- _Data to use_

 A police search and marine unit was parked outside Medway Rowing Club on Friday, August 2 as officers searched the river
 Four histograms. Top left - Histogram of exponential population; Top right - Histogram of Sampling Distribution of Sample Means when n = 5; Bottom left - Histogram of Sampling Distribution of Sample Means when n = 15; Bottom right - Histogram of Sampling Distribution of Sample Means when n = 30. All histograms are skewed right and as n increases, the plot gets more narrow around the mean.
---
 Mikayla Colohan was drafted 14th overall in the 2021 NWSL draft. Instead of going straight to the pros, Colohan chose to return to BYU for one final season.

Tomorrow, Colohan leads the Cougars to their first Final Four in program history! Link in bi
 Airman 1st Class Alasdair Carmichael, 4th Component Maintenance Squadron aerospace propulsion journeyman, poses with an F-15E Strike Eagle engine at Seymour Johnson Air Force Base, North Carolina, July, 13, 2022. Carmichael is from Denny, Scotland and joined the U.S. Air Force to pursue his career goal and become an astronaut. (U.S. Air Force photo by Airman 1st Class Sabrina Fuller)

- _Exercise requirements_
Within the listing above, give again exactly every line from the line with "A police search" through the line with "Four histograms. Top", both included, and no other line.

- _Answer to this exercise_
 A police search and marine unit was parked outside Medway Rowing Club on Friday, August 2 as officers searched the river
 Four histograms. Top left - Histogram of exponential population; Top right - Histogram of Sampling Distribution of Sample Means when n = 5; Bottom left - Histogram of Sampling Distribution of Sample Means when n = 15; Bottom right - Histogram of Sampling Distribution of Sample Means when n = 30. All histograms are skewed right and as n increases, the plot gets more narrow around the mean.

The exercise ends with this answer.